The valley of Glen Coe is a magical place where we drive through on our first holiday day every time. Just like we always get our calming but simultaneously exhilarating glimpse of Ben and Glen Nevis outside of Fort William on our first day as well.
 



Starry Skies above the Commando Memorial near Spean Bridge, taken September 2015
 


From the beginning we fell in love with the Isle of Skye. No place I had ever seen enchanted me the way the Misty Isle did. Its landscape so diverse, the sea always nearby, so many routes to hike (one of our absolute favourites is the Quiraing), so many little back roads to explore, such lovely people, such fun quirky shops (if you’re ever there, go to the Handspinner Having Fun in Broadford!!), and last but not least, it is seafood heaven! We dream of the succulent scallops, mussles and langoustines of the Sea Breezes in Portree and the Oyster Shed near Talisker all the time when we’re not there.
 




The Quiraing on the Trotternish Peninsula, Isle of Skye, at sunset, taken September 2016

 


Skye isn't called the Misty Isle for nothing! We have our nice, atmospheric morning mists, but fog sure doesn't do something this cool in Holland! Taken May 2016



And then we decided to check out the Isle of Harris and Lewis last year. While scouring the internet for a B&B, we quickly discovered there’s another little island attached to Harris with a little bridge, called Isle of Scalpay, so we booked with Chirsty from Highcroft B&B and set off in May.
Now, as much as we love the Isle of Skye, nothing could have prepared us for how we would feel once we got to Harris! We arrived in almost the worst weather you could have, buckets of rain falling down, mist that made sure you couldn’t see more than the nearest hillside and a temperature that would be more suitable for February than May. But we hadn’t been on the road longer than a quarter of an hour (after having visited the Harris Tweed shop, hee!) and the dude already looked over at me from behind the wheel of the car and said “Well, we’ll definitely have to come back here next time we’re in Scotland”. Even though we couldn’t see much yet, we were already completely captivated.

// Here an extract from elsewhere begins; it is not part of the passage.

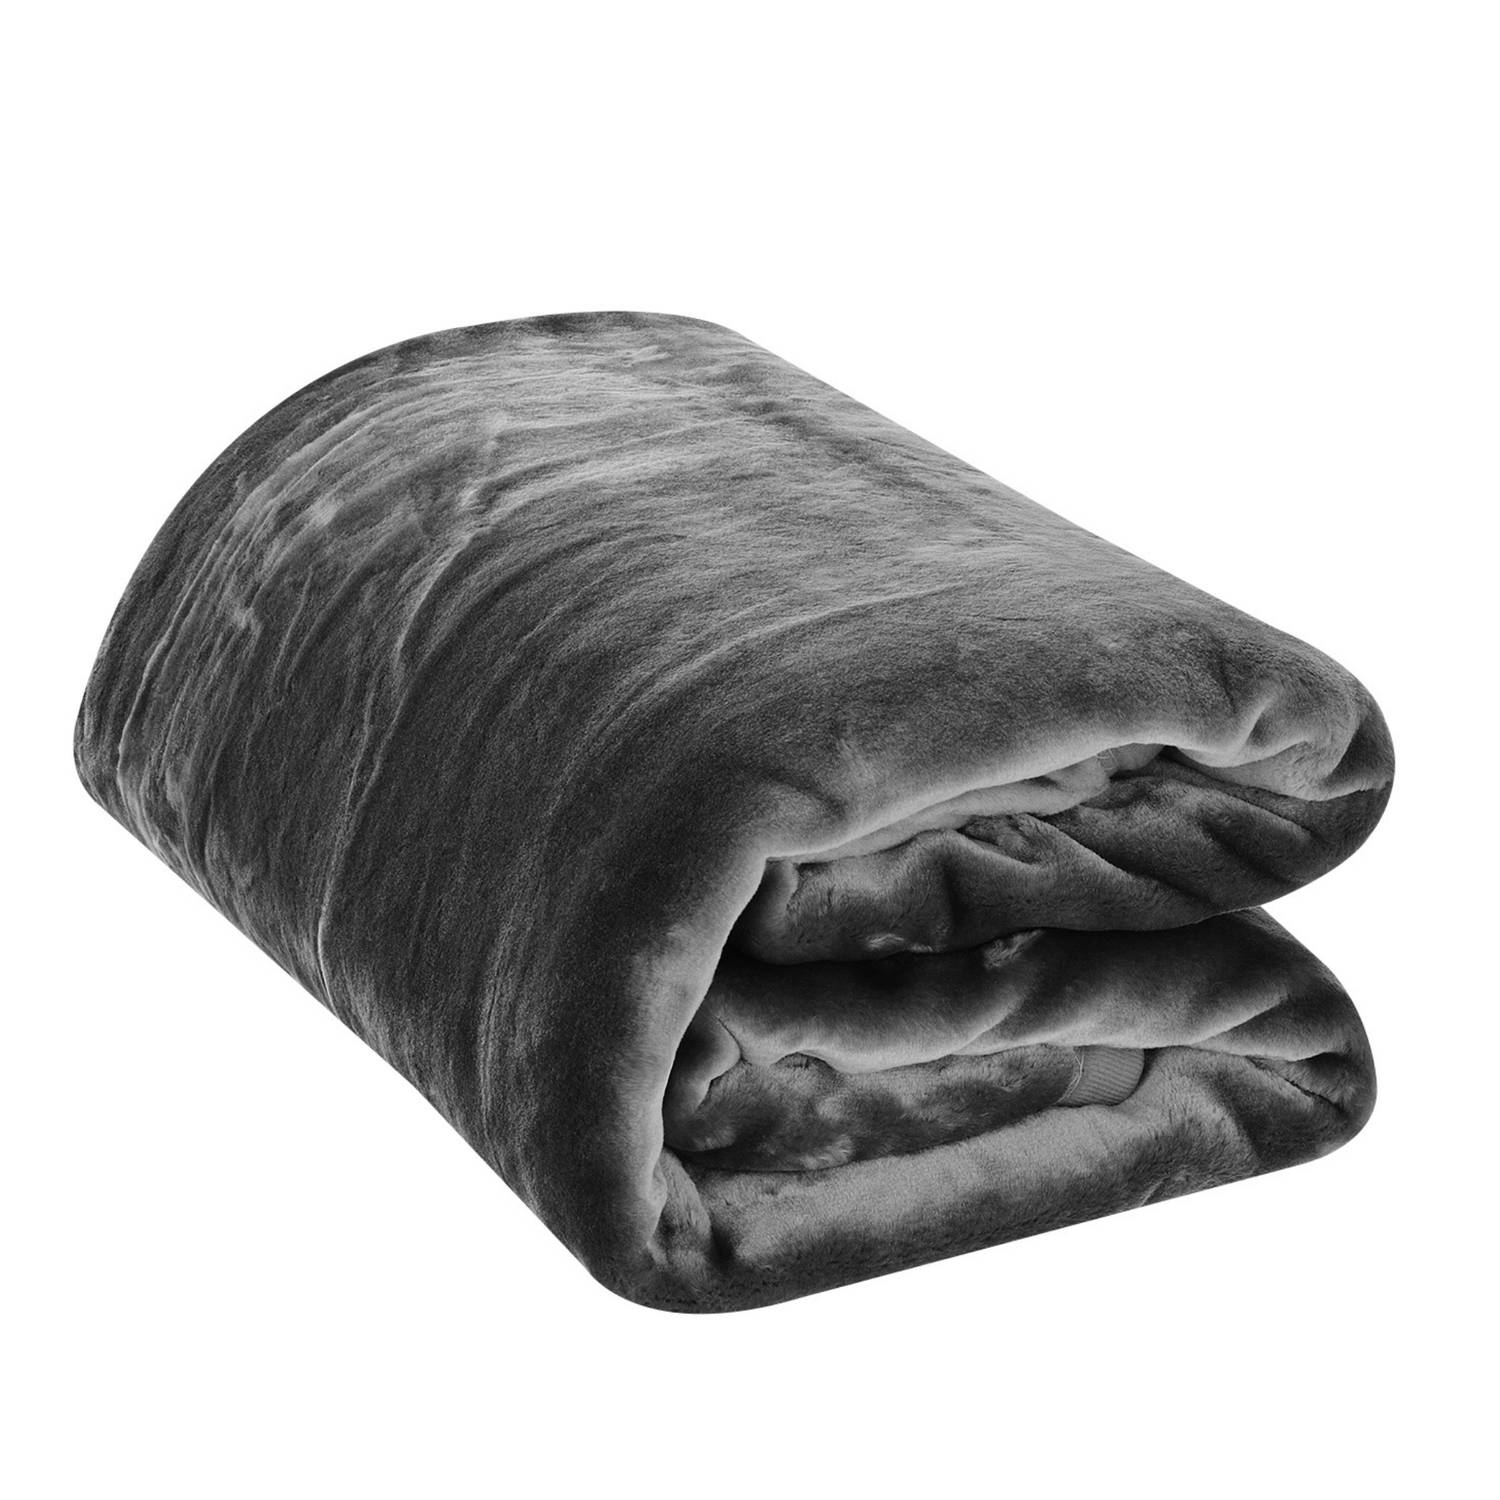 HappyBed Fleexe deken grijs | 150x200 cm - Heerlijk zacht fleece plaid - Warmte deken - Woon deken - Bankhoes Sprei - deken

Me with my Harris Tweed loot during our first Harris trip, taken May 2015


In the next days we got sucked in more and more completely by the gloriousness that is the Isle of Harris, by how wonderfully sweet our B&B host Chirsty was, how absolutely mouth watering the seafood at the North Harbour Bistro on Scalpay, how gorgeous the Harris mountains, how captivating the Calanais (or Callanish) Standing Stones (on the Isle of Lewis, which is attached to the Isle of Harris), how enchanting the sparkling Golden Road of South Harris (also called The Bays) and above all, how absolutely overwhelmingly stunning the West Harris beaches were, even in dull weather, but especially in sunny weather.
 


One of the Isle of Scalpay's many gorgeous little bays. The house at the top on the right is our B&B, Highcroft, run by the lovely Chirsty. Taken May 2016 close to sunset


Calanais Standing Stones, Isle of Lewis, taken at sunset May 2015



One of the many breathtaking bay inlets of the Golden Road on the South side of the Isle of Harris, taken September 2016


I can honestly not find the words to describe how it feels for me to be on Harris. I have never felt such calm, utter happiness and pure bliss in my heart and soul as I do when I’m there. When I look out over the blue waters there, my heart feels like it's swelling with happiness, and it often almost brings tears to my eyes. I sometimes seriously wonder if I know the place from another life, it just feels so familiar to my heart and I felt so immediately at home there.
I also sometimes wonder if, had we come to Harris right during our first time visiting Scotland, it would have felt the same. As it happened, we had been visiting Scotland for a few years already and had quite a few places within the country to compare Harris to. Probably objectively, although gorgeous, dreamy and rugged, it certainly isn’t strictly more crazy impressive overall than other parts of the Highlands and Islands. The mountains of Glen Coe and Skye for instance definitely are way more vast and rugged than the ones on Harris. But it doesn’t feel the same. There is that Scottish Highland magic almost everywhere we’ve been in Scotland so far, but Harris seems to have an extra sort of special magic all its own.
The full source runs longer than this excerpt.